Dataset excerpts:

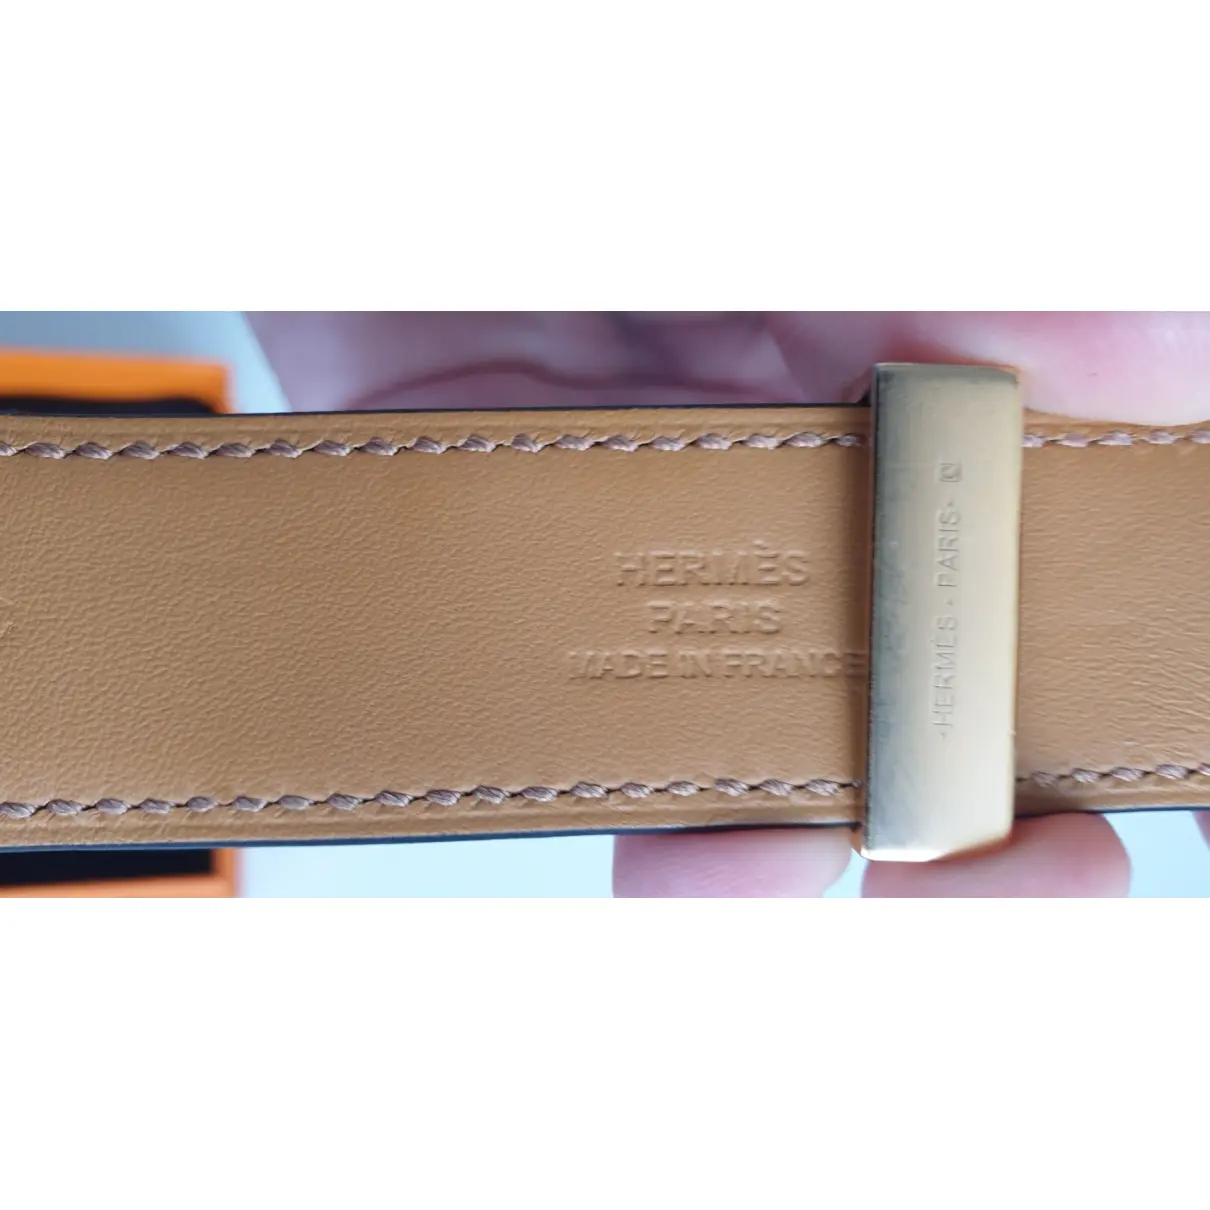 Collier de chien  leather bracelet Hermès
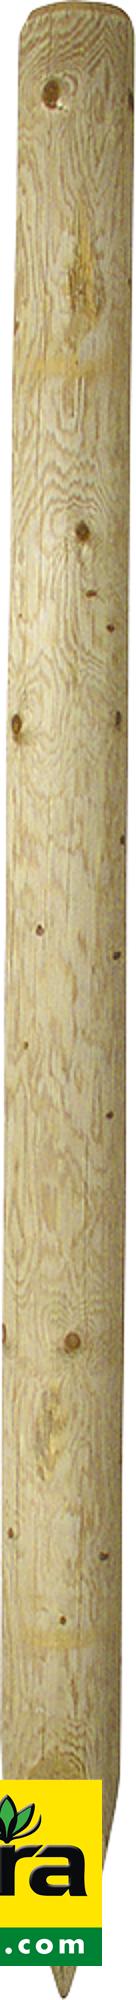 Holzpfosten, 2,75 m, imprägniert, gespitzt, d=16-18 cm
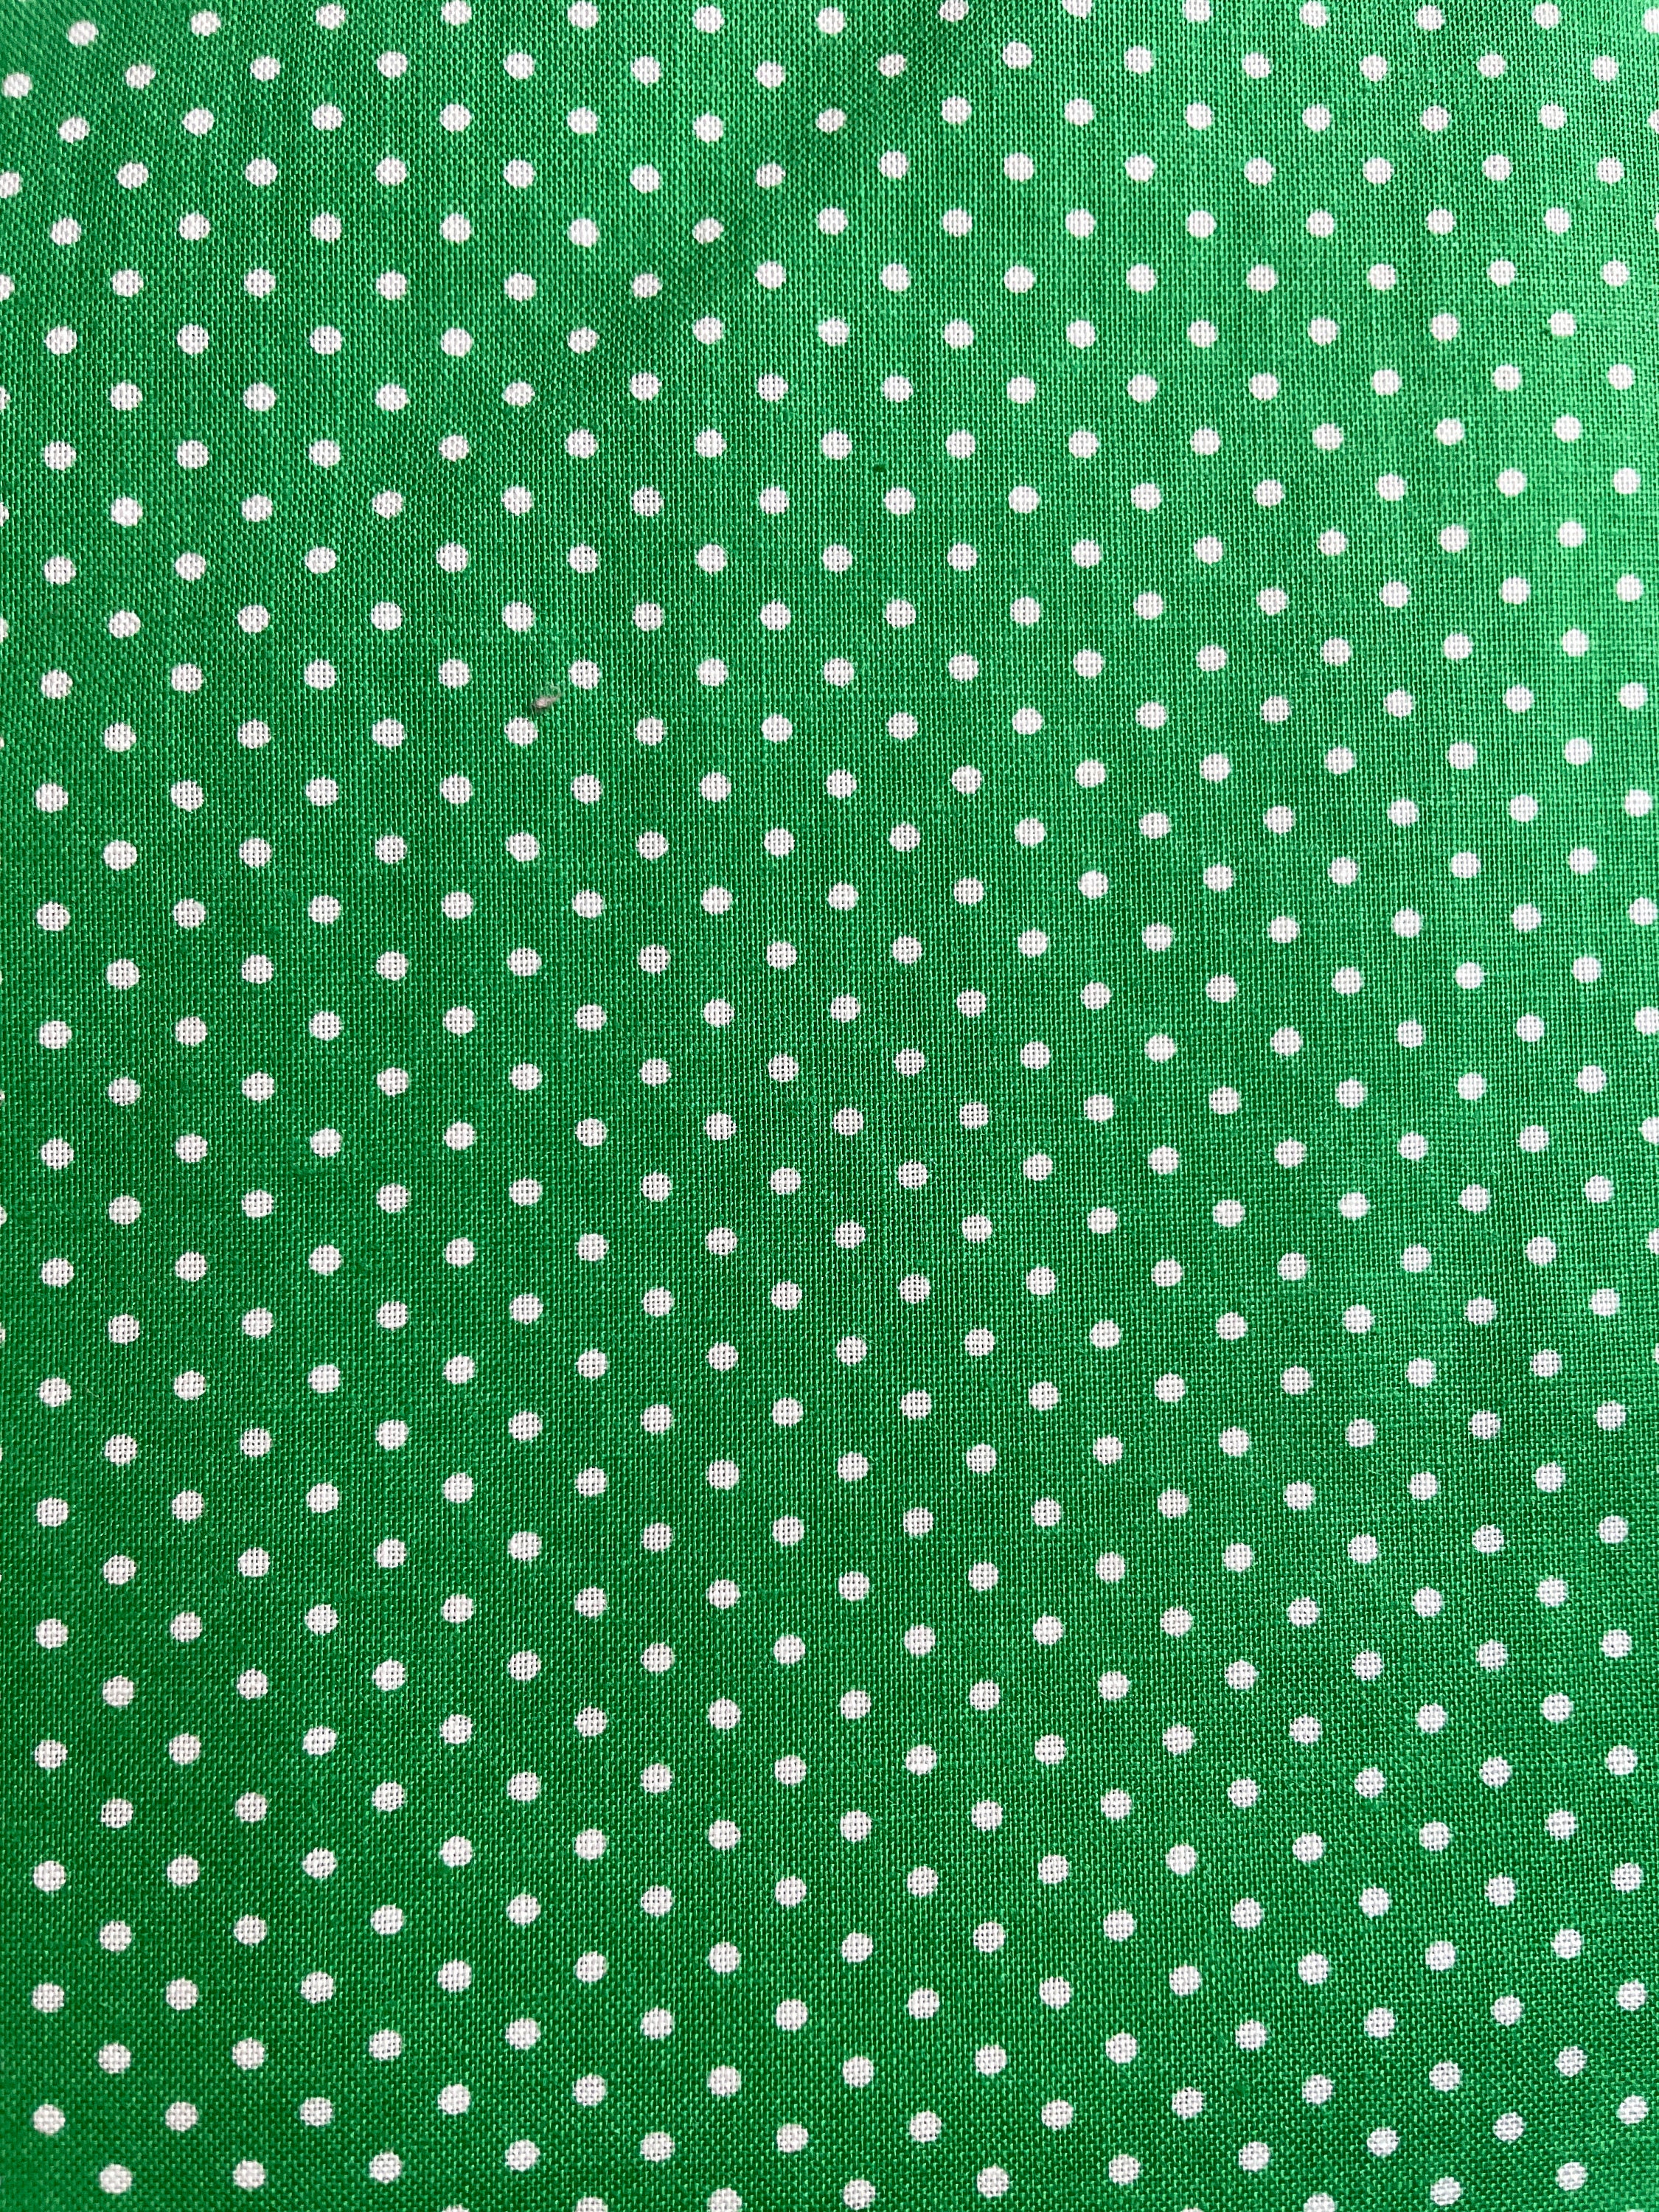 Green Polka Dot 
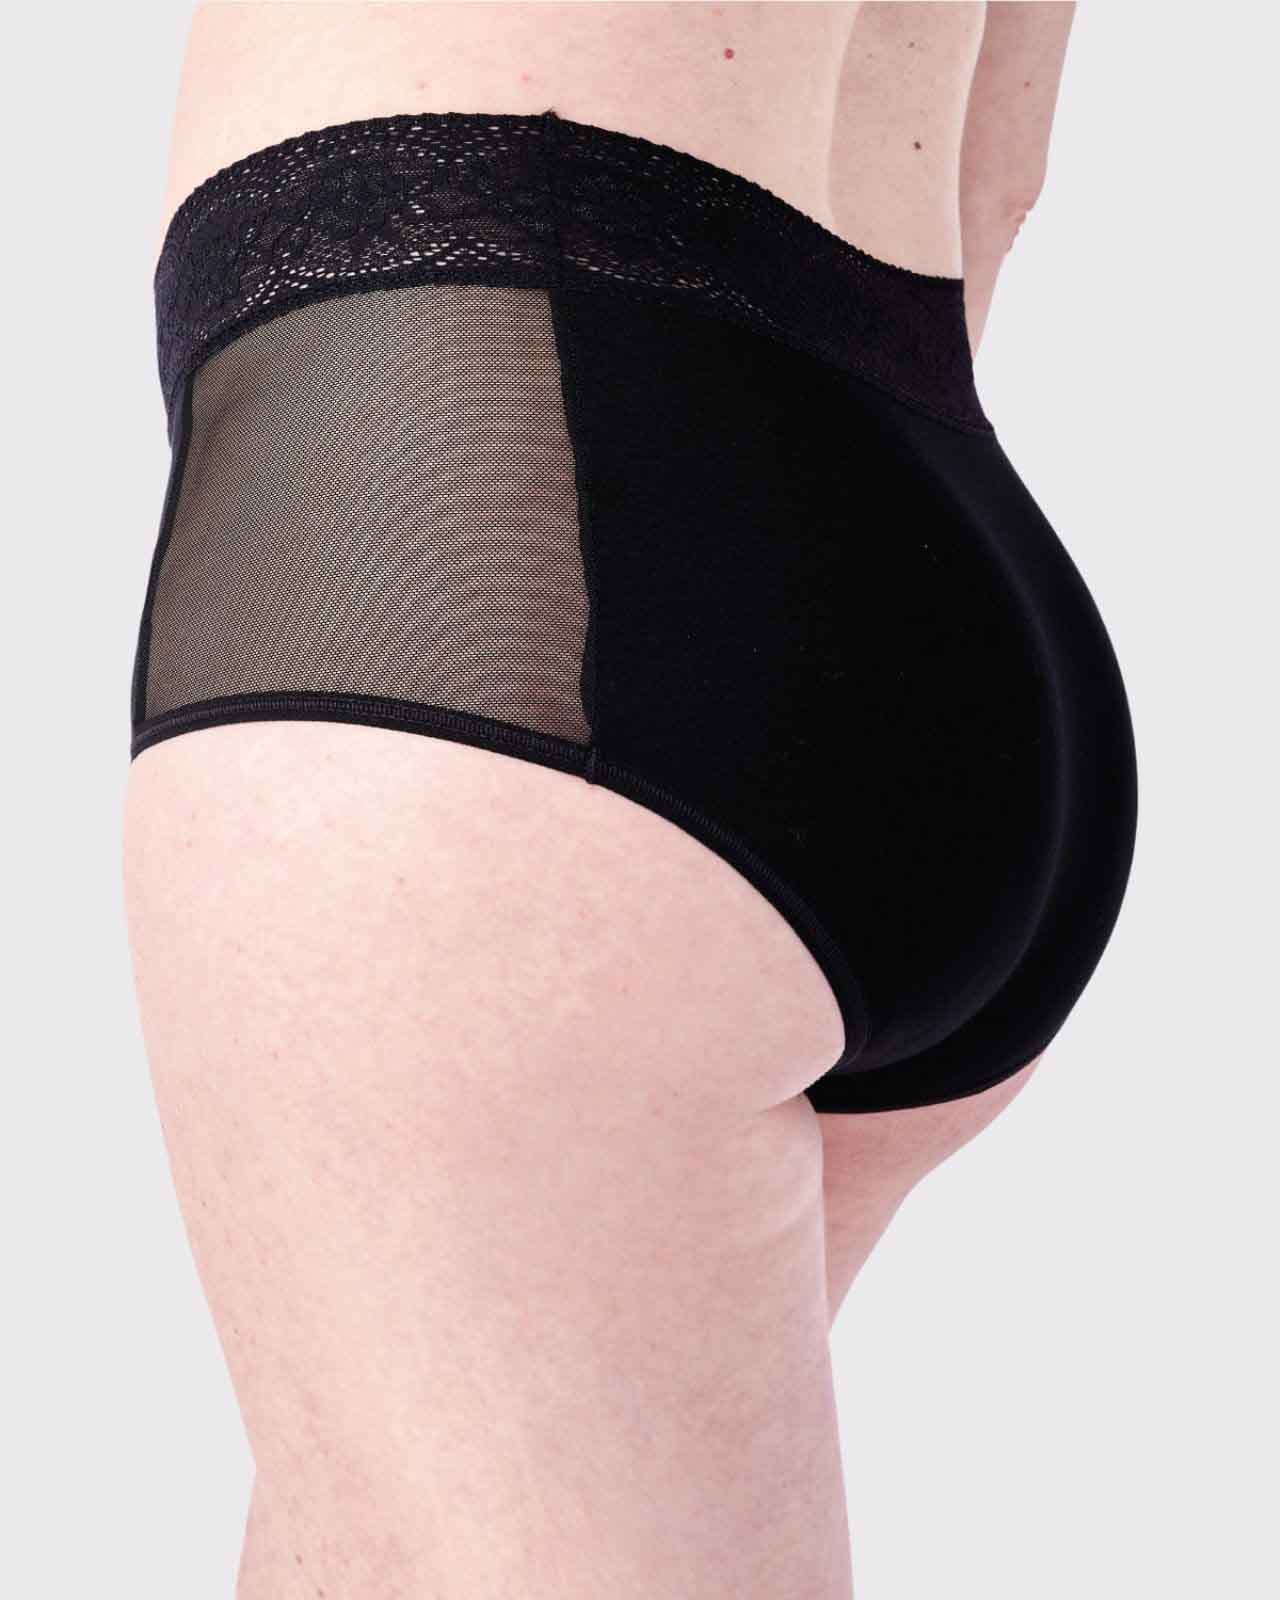 High waist keyhole panties Soft mesh sheer lingerie Women's sexy
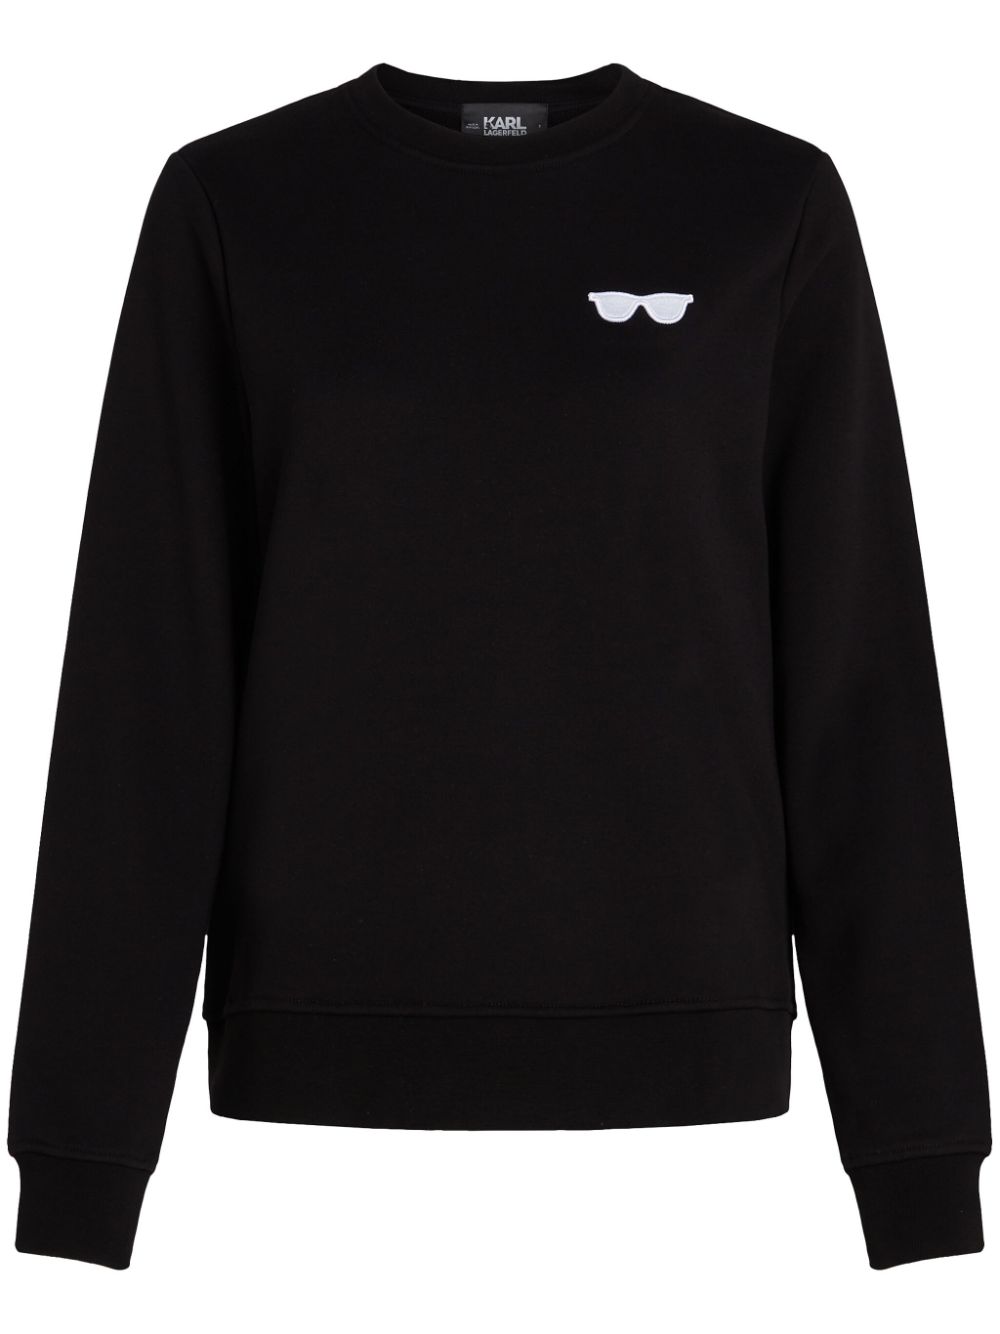 Karl Lagerfeld sunglasses-embroidered organic-cotton sweatshirt - Black von Karl Lagerfeld

§ Exercise
Take the data above and set it down exactly, images excluded.

§ Task result
 Collier de chien  leather bracelet Hermès
 Holzpfosten, 2,75 m, imprägniert, gespitzt, d=16-18 cm
 Green Polka Dot 
 High waist keyhole panties Soft mesh sheer lingerie Women's sexy
 Karl Lagerfeld sunglasses-embroidered organic-cotton sweatshirt - Black von Karl Lagerfeld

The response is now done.